To be fair the US left Afghanistan and the remaining Afghani army crumbled to the taliban pretty quickly.

I’d say the two situations are very different, the US successfully occupied a country that was ~7000km from them.

The Russians have so far failed to take a city that’s ~200km from their own border in about 1 and a half years.

1 comments

To be even more fair, the US lost the War in Afghanistan. It's an unambiguous Taliban victory. That's how it will read in every history book that doesn't have an American flag and a bald eagle on it. 20 years there and all the US did was create a whole new generation of terrorists who will spend the rest of their lives seeking revenge.
We lost, but it wasn't a military loss, it was a catastrophic failure of diplomacy.

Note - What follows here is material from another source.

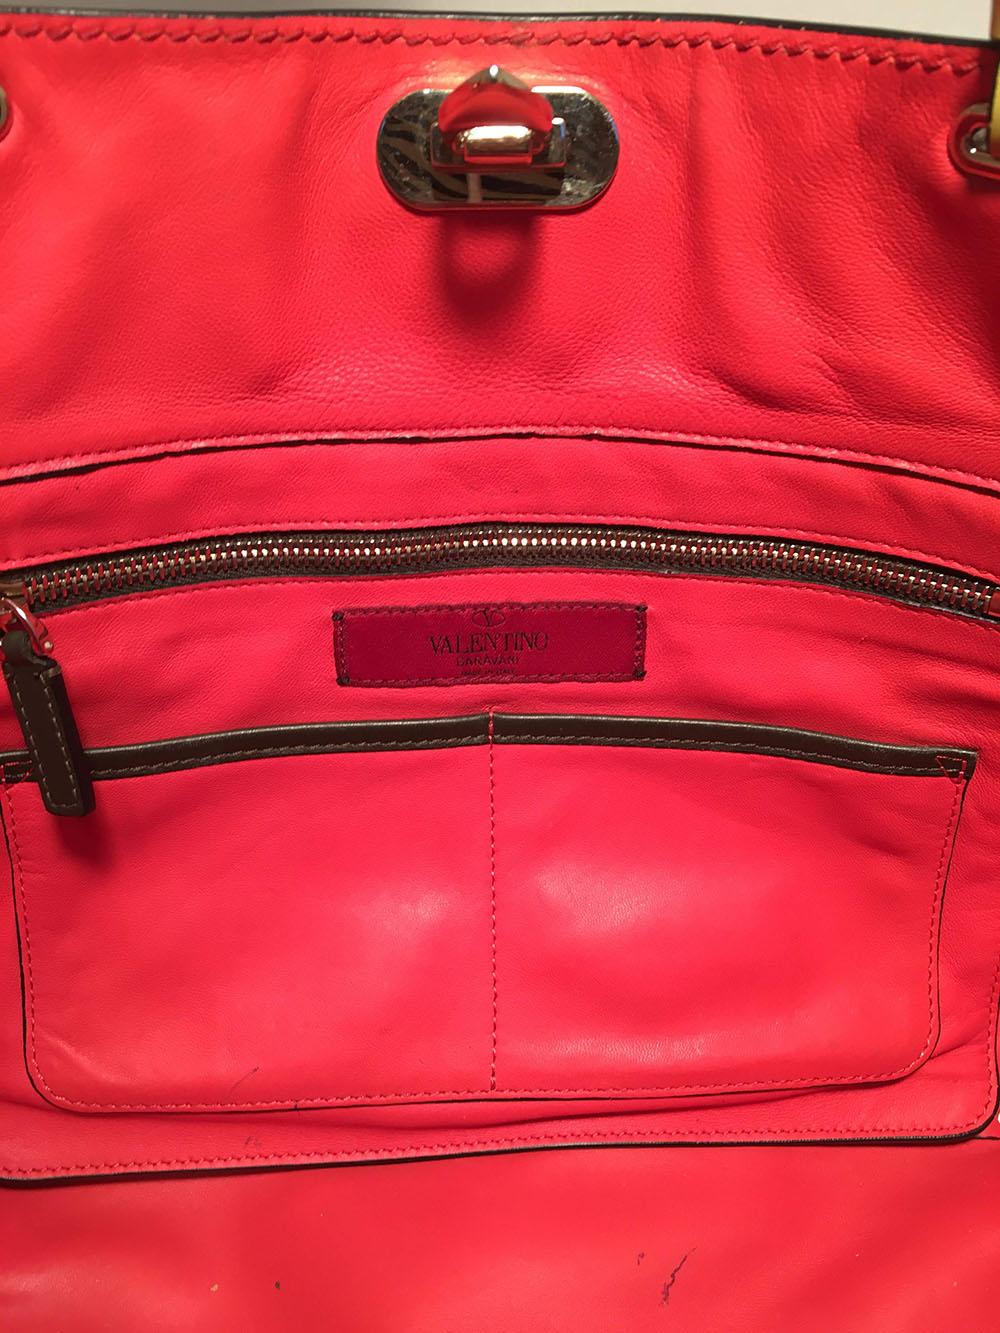 Valentino Garavani Studded Multicolor Leather Rockstud Tote Bag 1

We had control for a long time.

It was a military loss. When one military quits and runs away really fast that’s a loss. And it’s not the first time. When the US loses they hold a parade and say, “We left.” Such a joke. And American citizens never hold their government accountable. Instead they just believe the BS and do it all over again. Kind of amazing, really. No shame.
Vietnam was a military loss.

If you have control of an area and mismanage it for years, that's not a military loss. Failure at that point is something different.

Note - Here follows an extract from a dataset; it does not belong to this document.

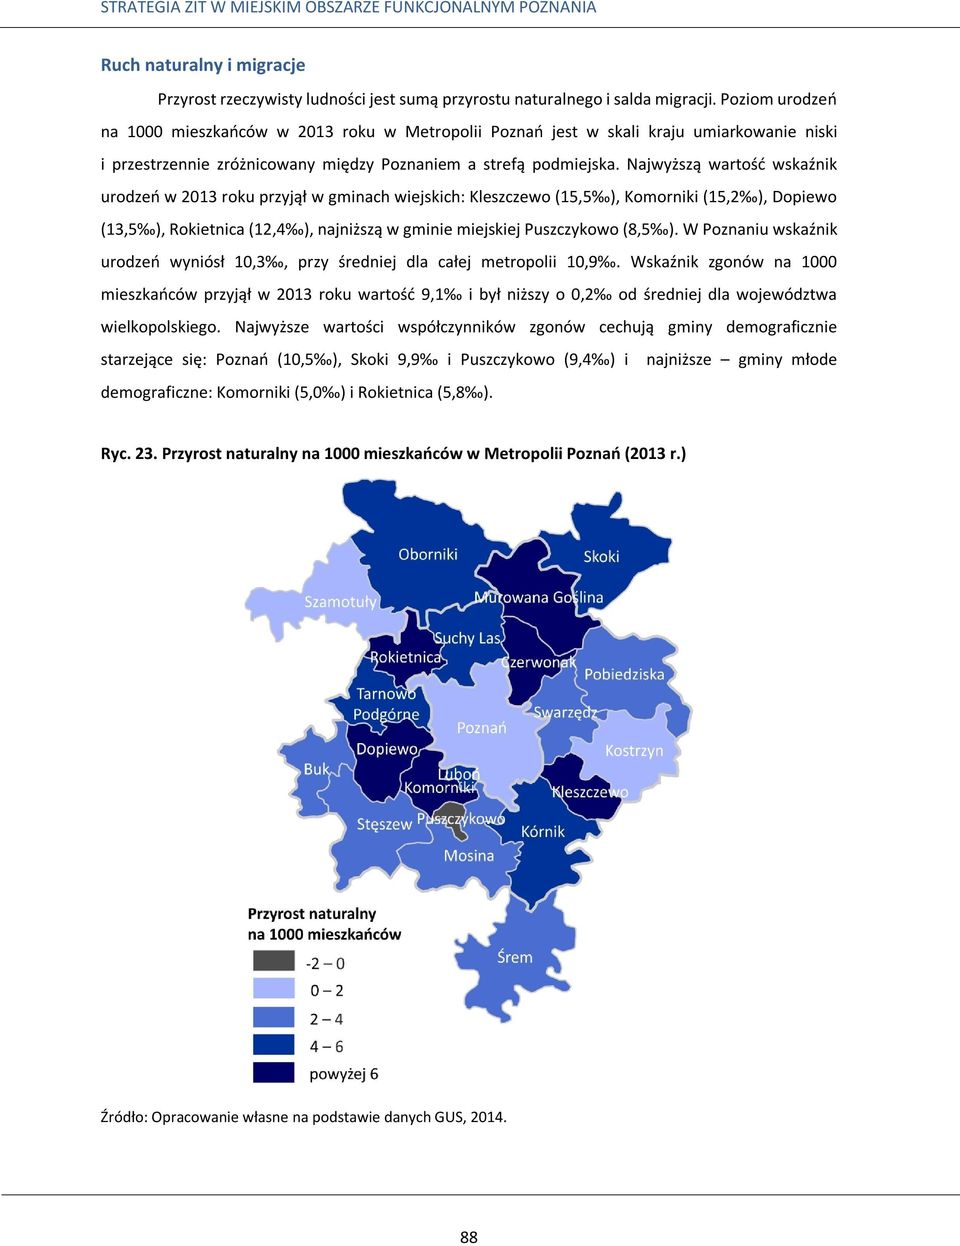 Najwyższą wartość wskaźnik urodzeń w 2013 roku przyjął w gminach wiejskich: Kleszczewo (15,5 ), Komorniki (15,2 ), Dopiewo (13,5 ), Rokietnica (12,4 ), najniższą w gminie miejskiej Puszczykowo (8,5 ).

Sure if you want to frame it that way.

But it’s still not comparable to Ukraine.

The sheer scale involved is completely different and really shows the ability of the US to project force.

Whereas Russia is currently struggling to get 200km from their own border.

The causalities scales are also hugely different. The Russians have taken likely close to 5x the causalities in about 1/4 the time.

Russia is clearly not a super power but that doesn’t mean other countries like America aren’t.